Powerfully Potent Proofreading

You should always find someone else to proofread your writing if you can, but sometimes that isn’t possible. Not to worry! When you’re on your own there’s one easy thing you can do to boost the effectiveness of proofreading your own work: change contexts.

During the act of writing and editing you can easily get too familiar with your surroundings. You stop noticing the room you’re in. You stop paying attention to the text editor you’re using. You stop noticing details. The individual letters and words you’ve written merge together into an abstract blob that represents the concepts you’re writing about. That’s your brain doing its job; it’s designed to take intricate details and abstract them away into simple concepts. This is quite useful for day-to-day life, but it’s murder when you’re trying to edit or proofread.

The good news is that you can get your brain to truly notice your words again simply by changing the context. This technique works best if you can change both the context of your work and your own context.

To change the context of your work try printing what you’ve written and edit it with a pen. No printer? No problem: Print to a PDF, or copy and paste your text into an entirely different app with a different typeface and text size. The idea here is to move your words around and get them to both look and feel as different as possible so your brain notices them again.

As a concrete example, I write these tips in the WordPress dashboard, but I preview them on the site when I proof them. Everything about how the words are displayed is different when I do this, which helps me catch a lot of things I would have missed otherwise.

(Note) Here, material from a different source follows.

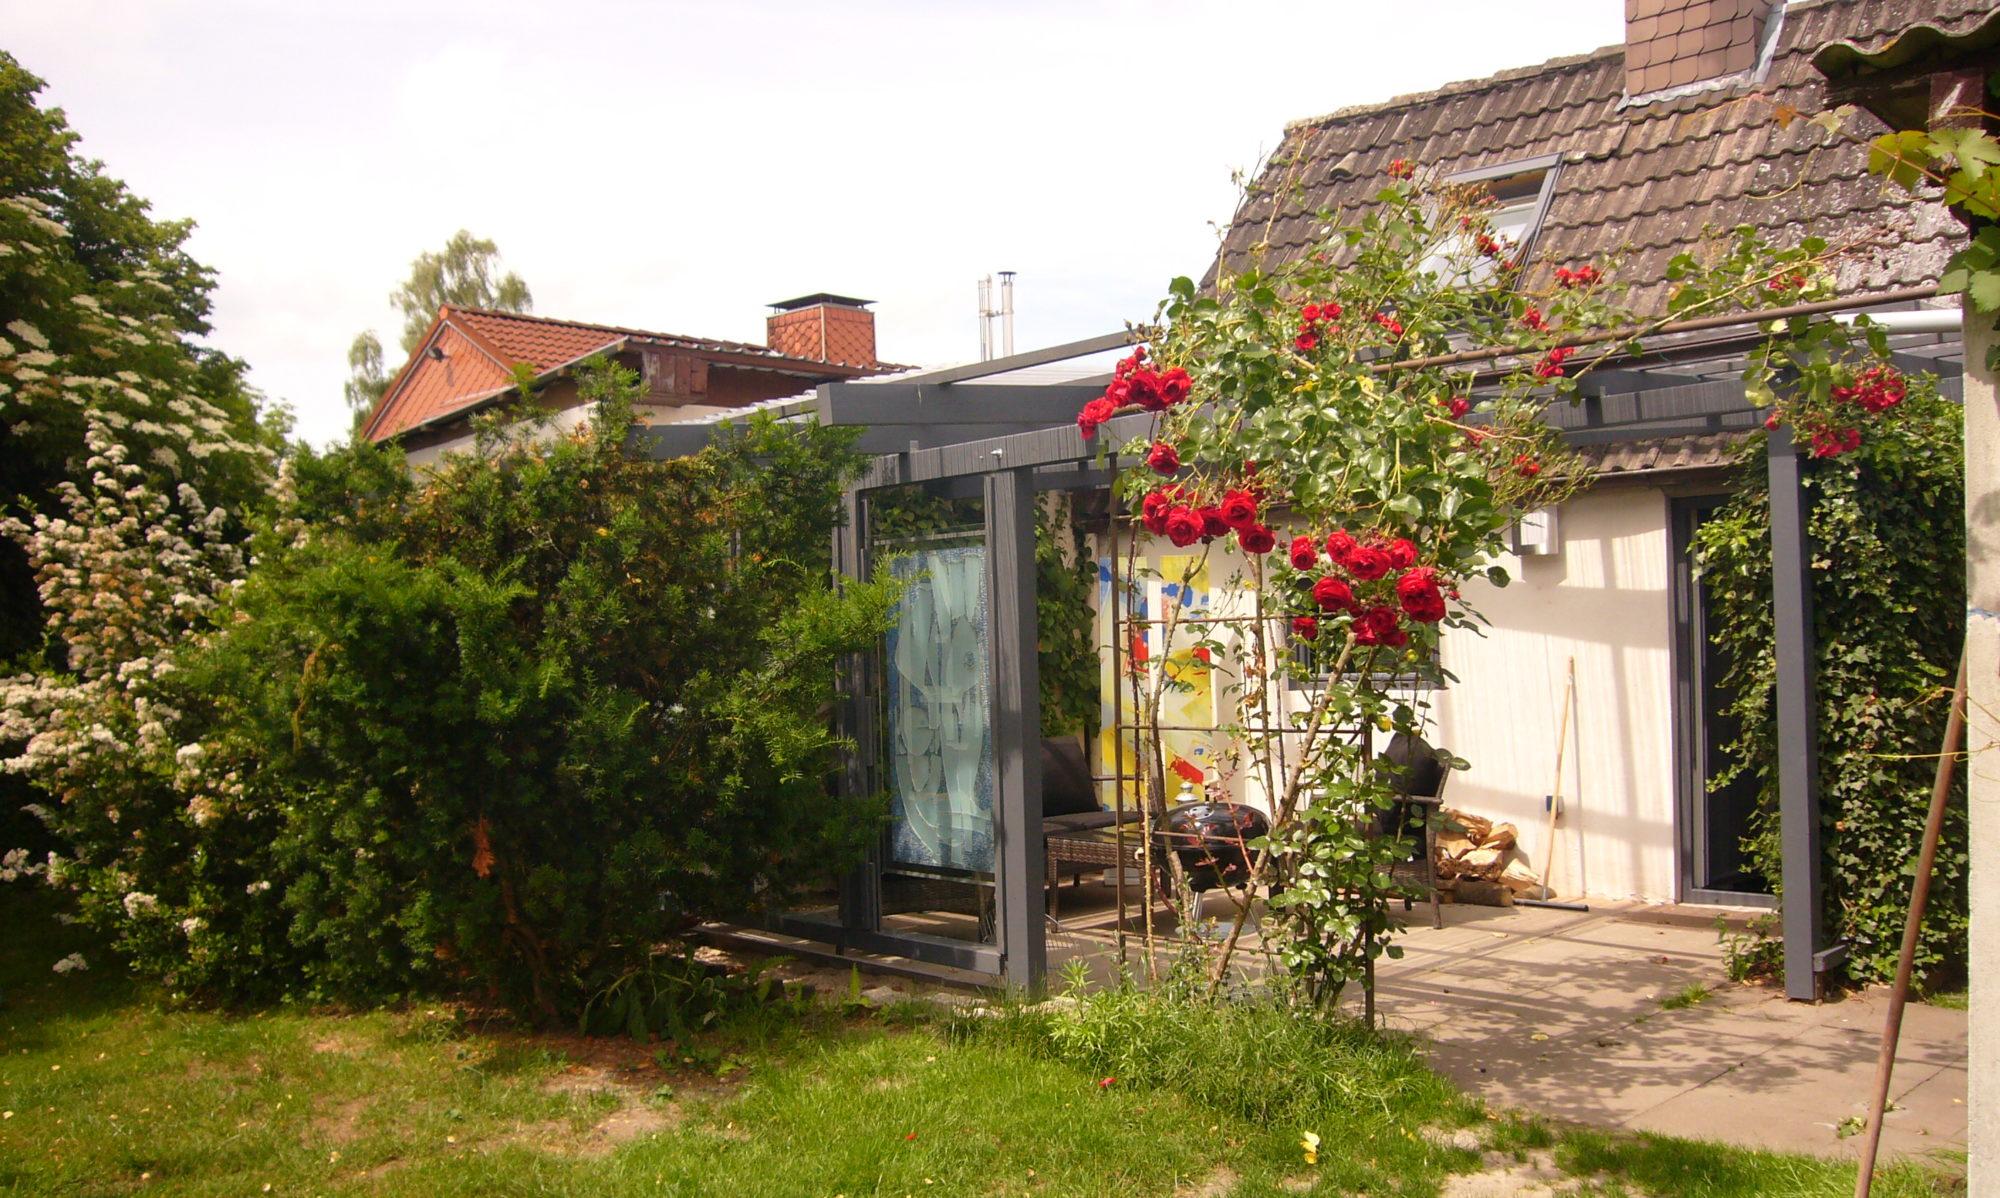 ferienhaus-wankendorf.de

Another great way to change the context of what you’ve written is to read it aloud. This may not be possible if you’re in a quiet environment, but even whispering it to yourself is better than nothing.

To change your own context simply go into another room to edit and proofread. Maybe it’s your living room, a conference room, the break room, a coffee shop… as long as it’s different enough to jar your brain out of complacency you’ll be able to proofread more effectively.